State backend selection: Can choose MemoryStateBackend, FsStateBackend, or RocksDBStateBackend
State serialization: Optimizing state serialization can significantly improve performance
State cleanup: Reasonably set state TTL to avoid infinite state growth

Operator State

Operator State is an important state type in Flink, fundamentally different from Keyed State. Operator State is directly bound to specific operator instances, not dependent on keys in data.

Characteristics

State allocation mechanism:
- Each operator instance maintains state for data it processes
- State data is partitioned and stored across operator instances
- When parallelism changes, Flink automatically redistributes state data
Parallelism adaptability:
- Supports dynamic scaling up/down scenarios
- Provides three built-in redistribution strategies:
  - Even-split redistribution: Evenly divide state to all new operator instances
  - Union redistribution: Copy complete state to each new instance
  - Custom redistribution: Implement via ListCheckpointed interface
Typical application scenarios:
- Source operators (e.g., Kafka Consumer) record consumption offsets
- Window operators maintain window trigger state
- Custom aggregate operators save intermediate results

State Management Forms

In Flink, both KeyedState and OperatorState support two management forms:

Managed State

This is Flink’s recommended usage, with these characteristics:

Runtime management: Unified management by Flink runtime environment
Storage optimization:
- Automatically convert to efficient in-memory data structures (e.g., HashTables)
- Optional RocksDB as state backend for large state storage
Persistence mechanism:
- Periodically persist state through Checkpoint mechanism
- Provide exactly-once state guarantee
- Use efficient serialization framework (e.g., Kryo) for state serialization
Recovery process:
- Automatically recover from last successful Checkpoint on task failure
- Support incremental Checkpoint to reduce recovery time

Raw State

This form provides greater flexibility but requires developers to take more responsibility:

Self-management: Operator needs to maintain state data structure
Serialization requirements:
- Developer needs to implement state serialization logic
- Need to handle version compatibility issues
Checkpoint handling:
- Need explicit state snapshot when Checkpoint triggers
- Need to deserialize state data manually during recovery
Typical use cases:
- Scenarios requiring special data structure optimization
- Integrating third-party libraries requiring specific state format

State Backend Comparison

For managed state, Flink provides multiple state backend implementations:

Feature	MemoryStateBackend	FsStateBackend	RocksDBStateBackend
Storage Medium	JVM Heap Memory	File System	RocksDB
State Size Limit	<10MB	Per task up to TB level	Only limited by disk capacity
Access Speed	Fastest	Medium	Relatively slow
Use Case	Testing/small state	Regular production	Ultra-large state scenarios

Note: DataStream API supports both Managed State and Raw State. In Flink, it is recommended to use Managed State to manage state data—mainly because Managed State better supports state redistribution during parallelism changes and more complete memory management.

State Descriptor

Since State is exposed to users, there are some attributes to specify:

State name
Value Serializer
State Type Info

In corresponding StateBackend, will call corresponding create method to get value from stateDescriptor.

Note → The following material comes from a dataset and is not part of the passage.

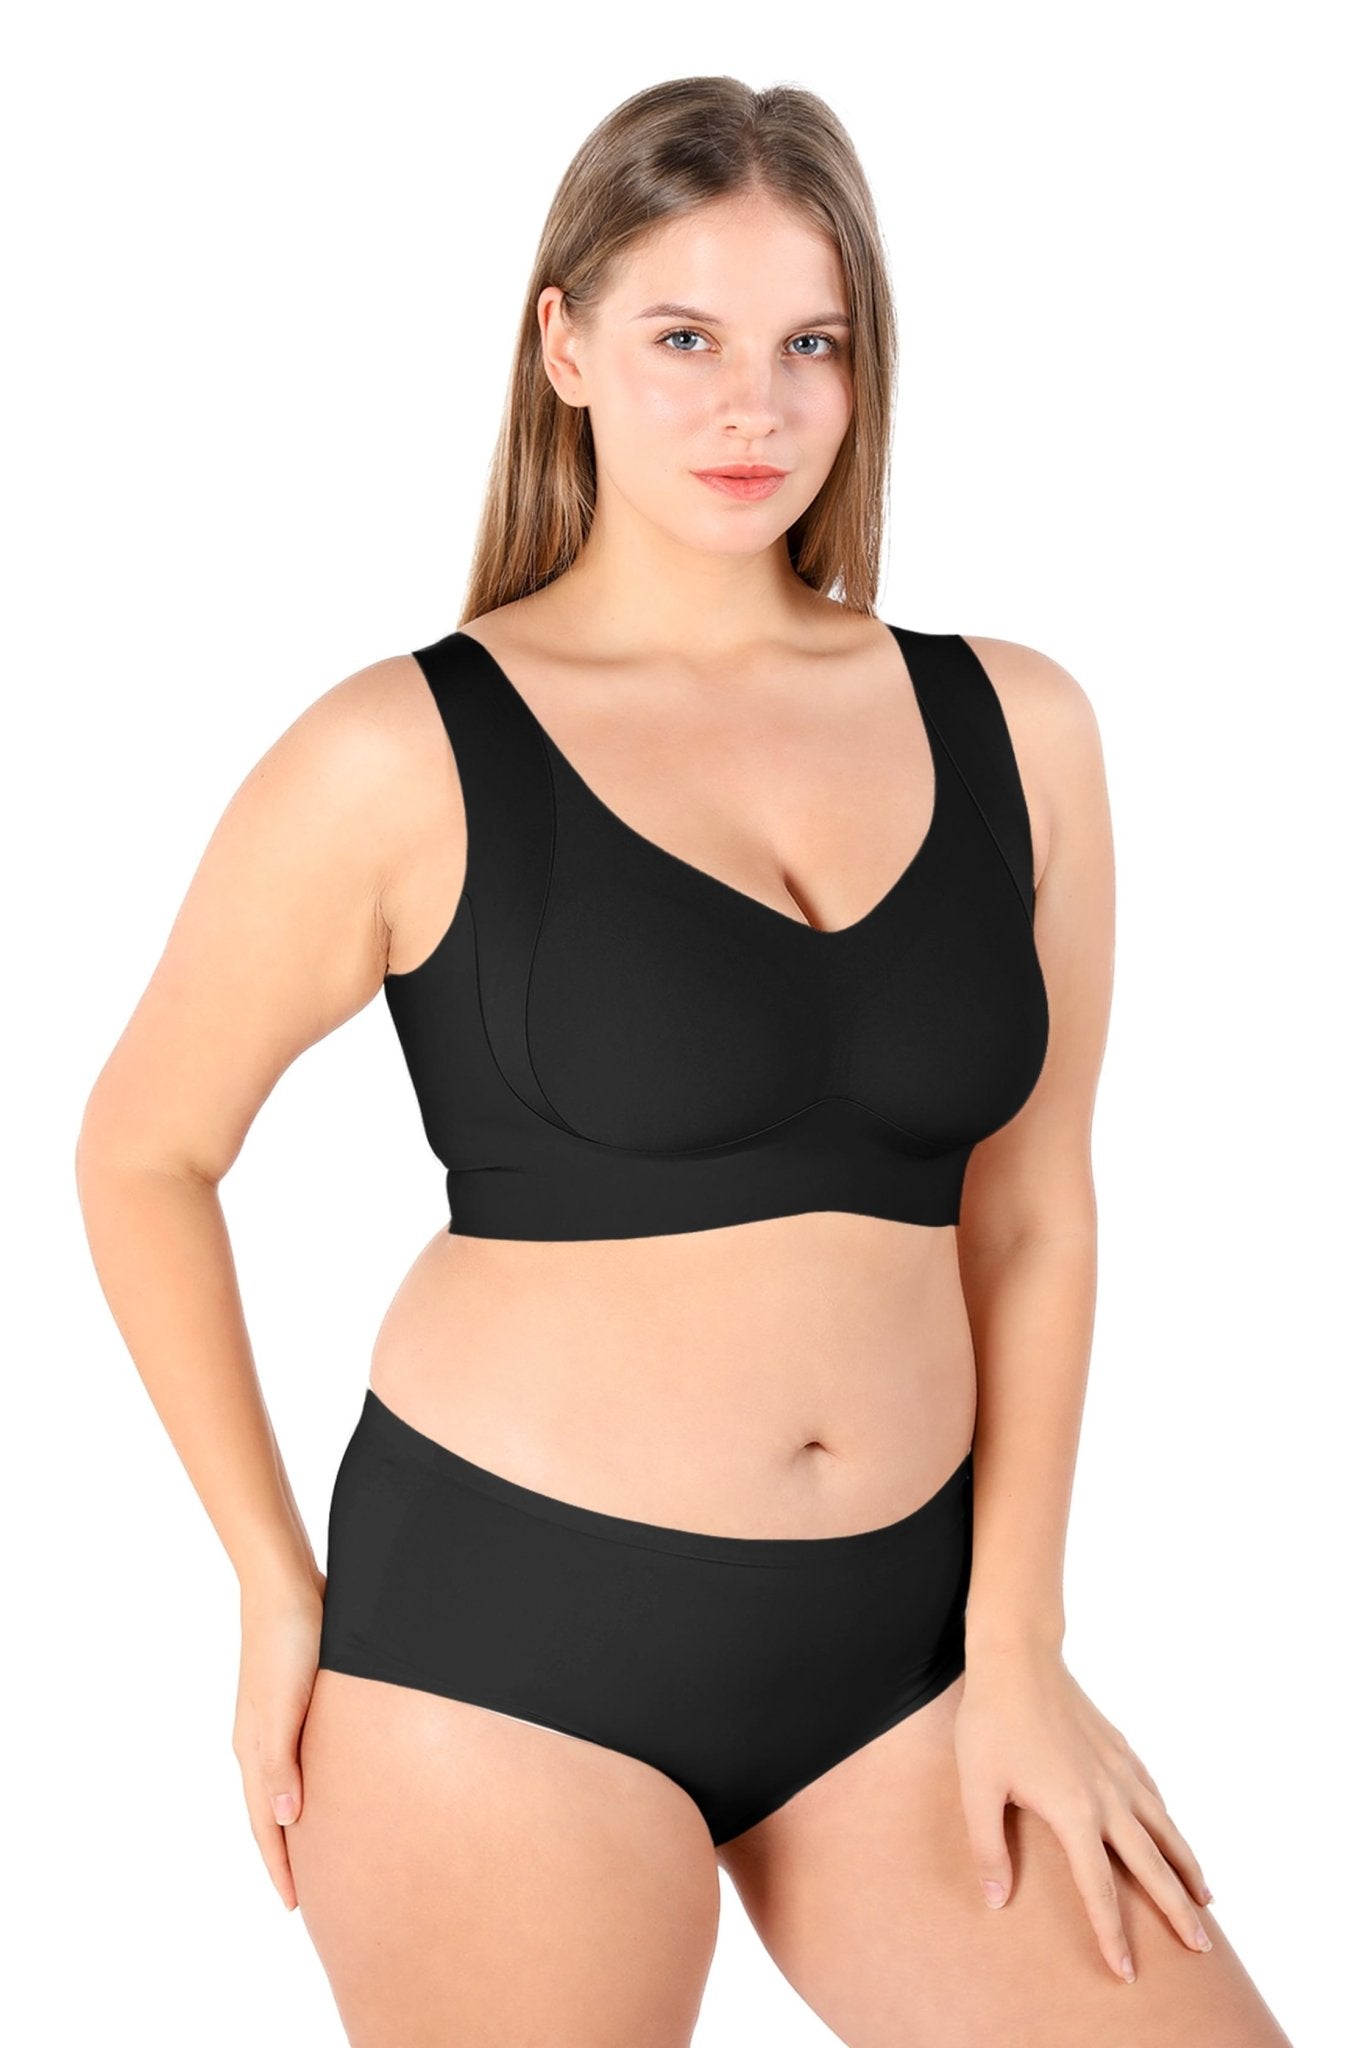 Easy Pieces™️ Max-Support Wire-Free Bra, Great For Large Breast - POSESHE

Flink defines a state through StateDescriptor—an abstract class that internally defines basic information like state name, type, serializer, etc. Corresponding to the above states, StateDescriptor derives ValueStateDescriptor, ListStateDescriptor, etc.:

ValueState getState(ValueStateDescriptor)
ReducingState getReducingState(ReducingStateDescriptor)
ListState getListState(ListStateDescriptor)
FoldingState getFoldingState(FoldingStateDescriptor)
MapState getMapState(MapStateDescriptot)